5. **Conjunctive/Disjunctive Test Sets:** The `facts_conj` and `facts_disj` test sets show a similar pattern: poor performance with projection when trained on basic sets, but significant recovery (AUROC > 0.75) when the training set includes the corresponding conjunctive or disjunctive data (`+ cities_conj` or `+ cities_disj`).
### Interpretation
This chart investigates the role of specific model components or directions, denoted as `t_G` and `t_P`, in generalization. The "projection out" operation likely removes the influence of these components from the model's representations.

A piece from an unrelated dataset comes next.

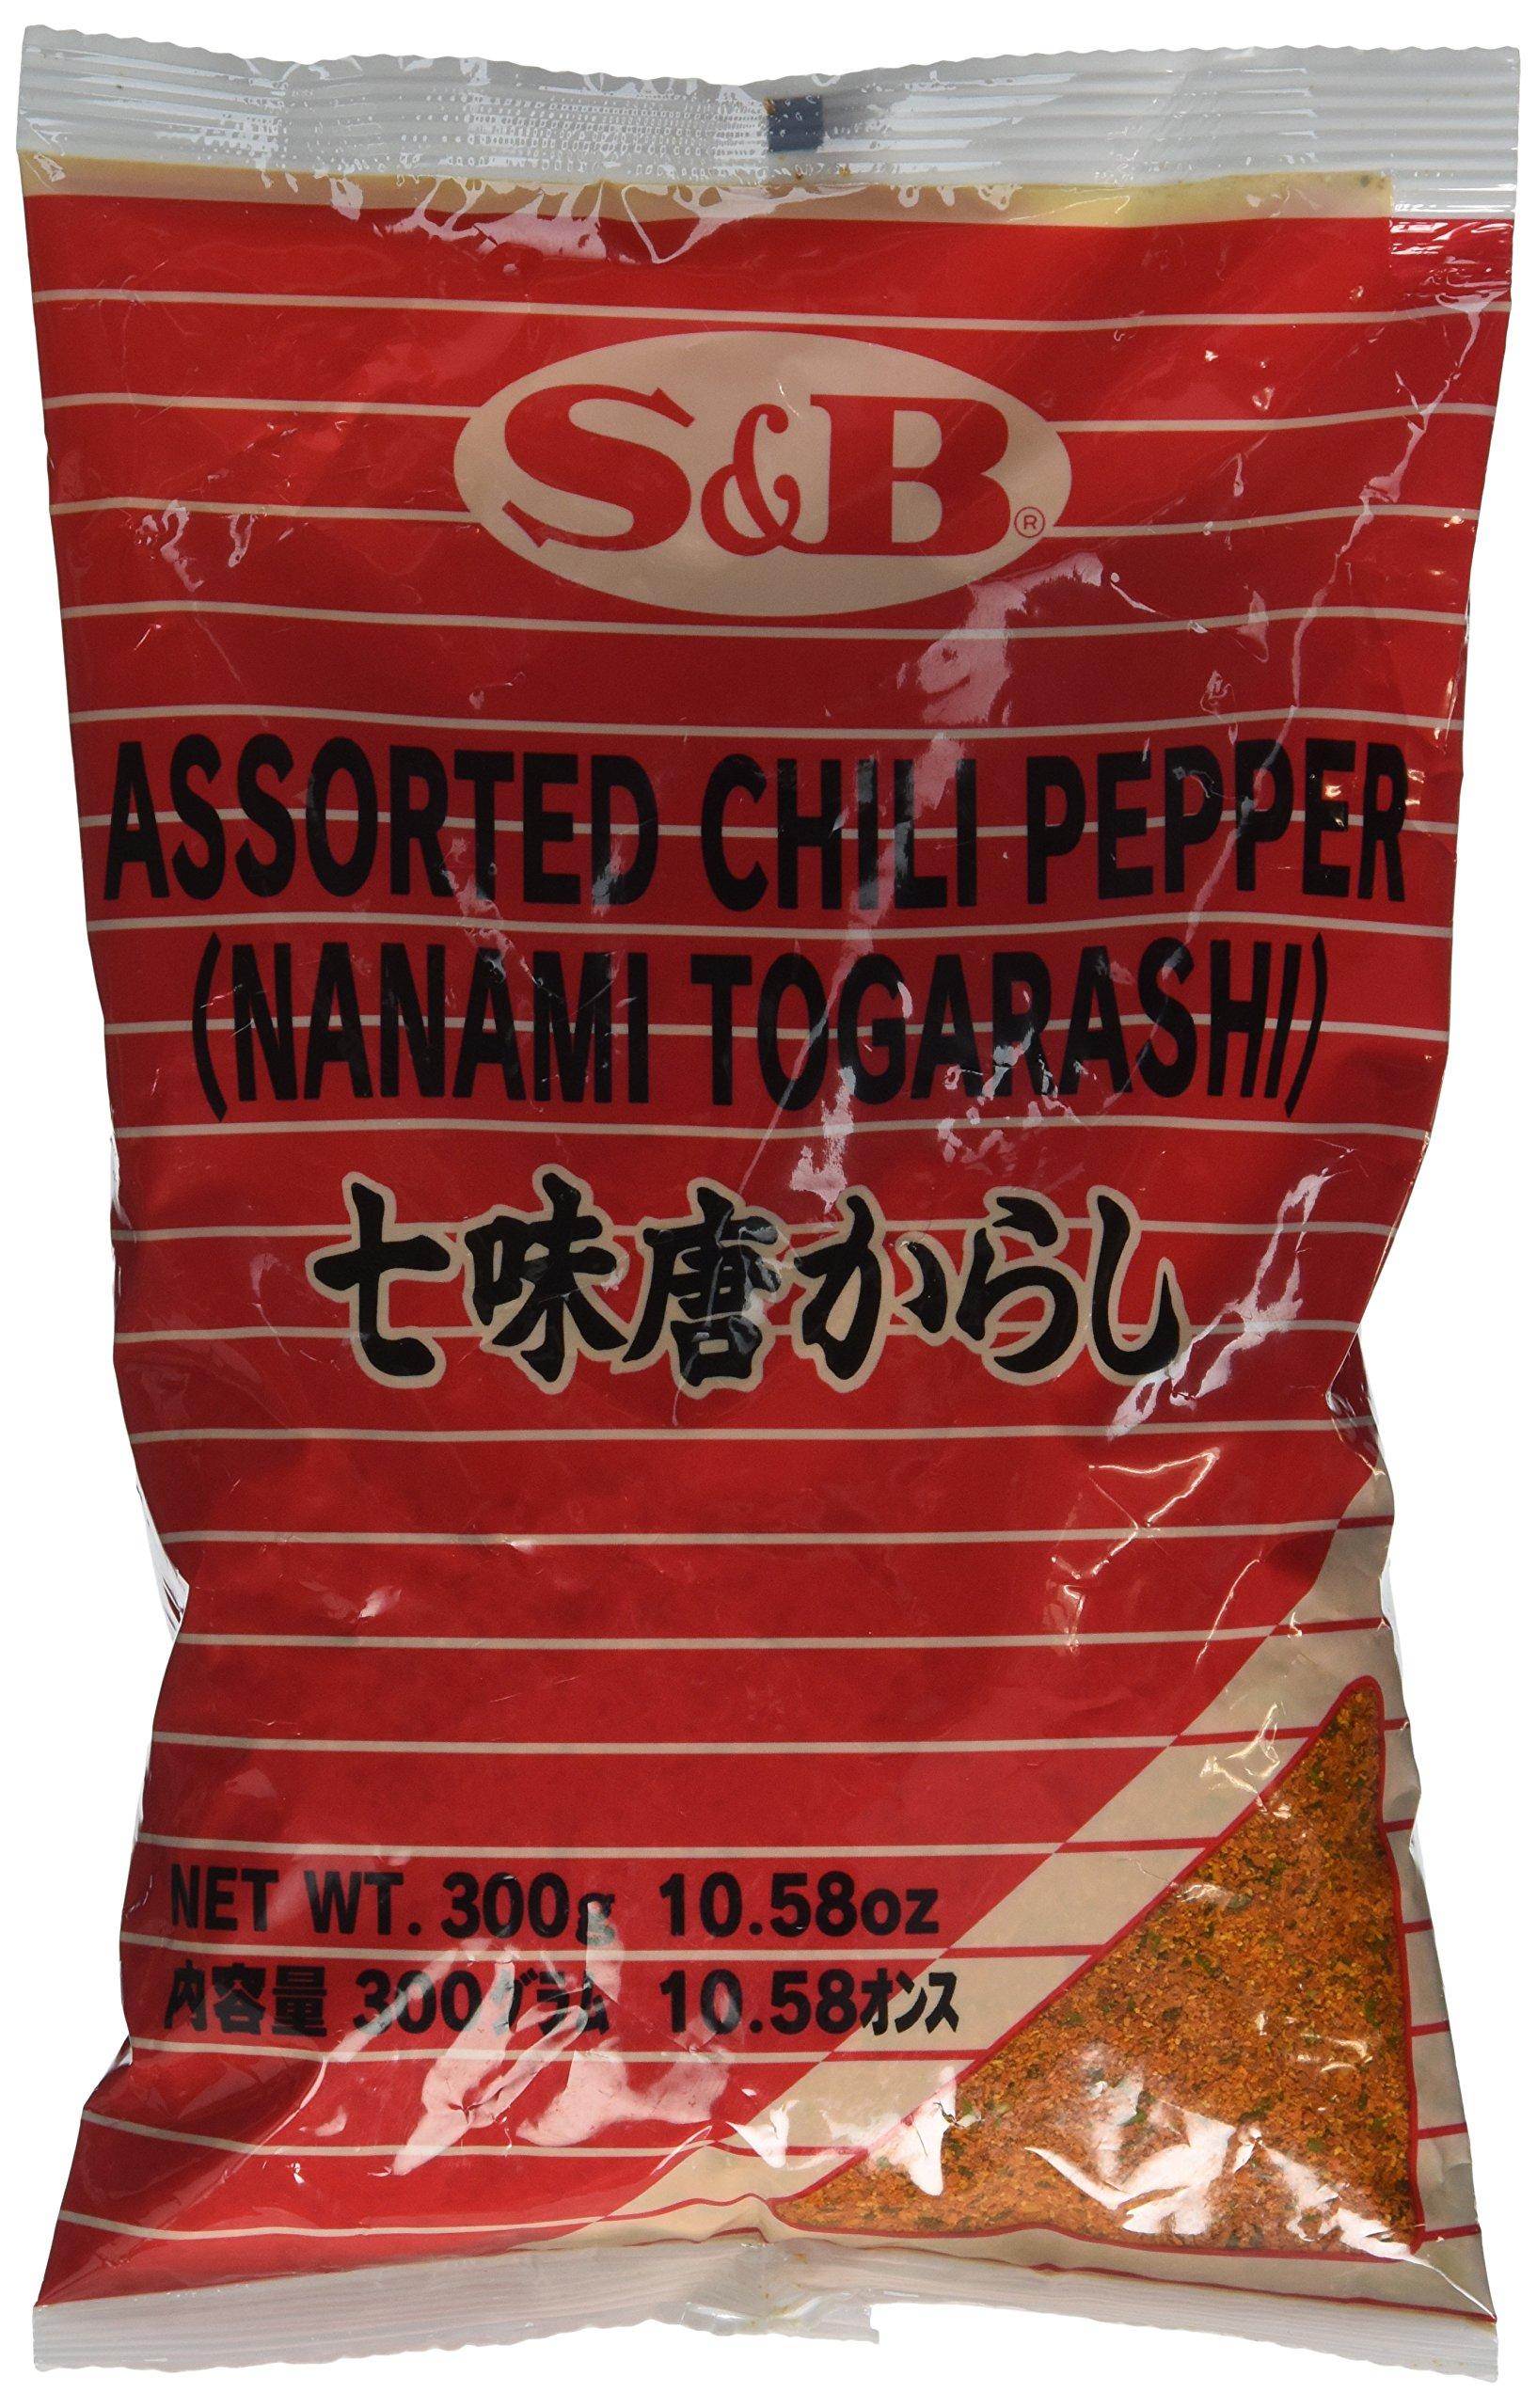 7 Pepper Spice Mix (Nanami / Schichimi Togarashi) - 1 bag, 10.58 oz

* **Core Finding:** The components `t_G` and `t_P` appear to be **critical for generalization** beyond the specific `cities` task. Their removal (right heatmap) causes performance to plummet on all test sets except the in-distribution `cities` set. This suggests these components encode broad, transferable knowledge.
* **Task-Specific vs. General Knowledge:** The model's perfect performance on `cities` even after projection indicates that knowledge specific to that task is stored in other components. The catastrophic failure on `neg_cities` (when trained only on `cities`) after projection implies that understanding negation relies heavily on these general components (`t_G`, `t_P`).
* **Data Efficiency and Compositionality:** Including negated or compositional data (`+ neg_cities`, `+ cities_conj`, etc.) in training can compensate for the loss of `t_G` and `t_P` to a significant degree. This demonstrates that the model can learn these reasoning skills directly from data, but under normal conditions (left heatmap), it preferentially uses the more efficient, general-purpose `t_G` and `t_P` components.
* **Peircean Investigation:** The chart acts as a diagnostic tool. By systematically removing components (`t_G`, `t_P`) and testing on varied logical forms (negation, conjunction, disjunction), the researchers can ablate and identify which parts of the model are responsible for which reasoning capabilities. The stark contrast between the two heatmaps provides strong evidence that `t_G` and `t_P` are not merely task-specific features but are fundamental to the model's ability to generalize its understanding.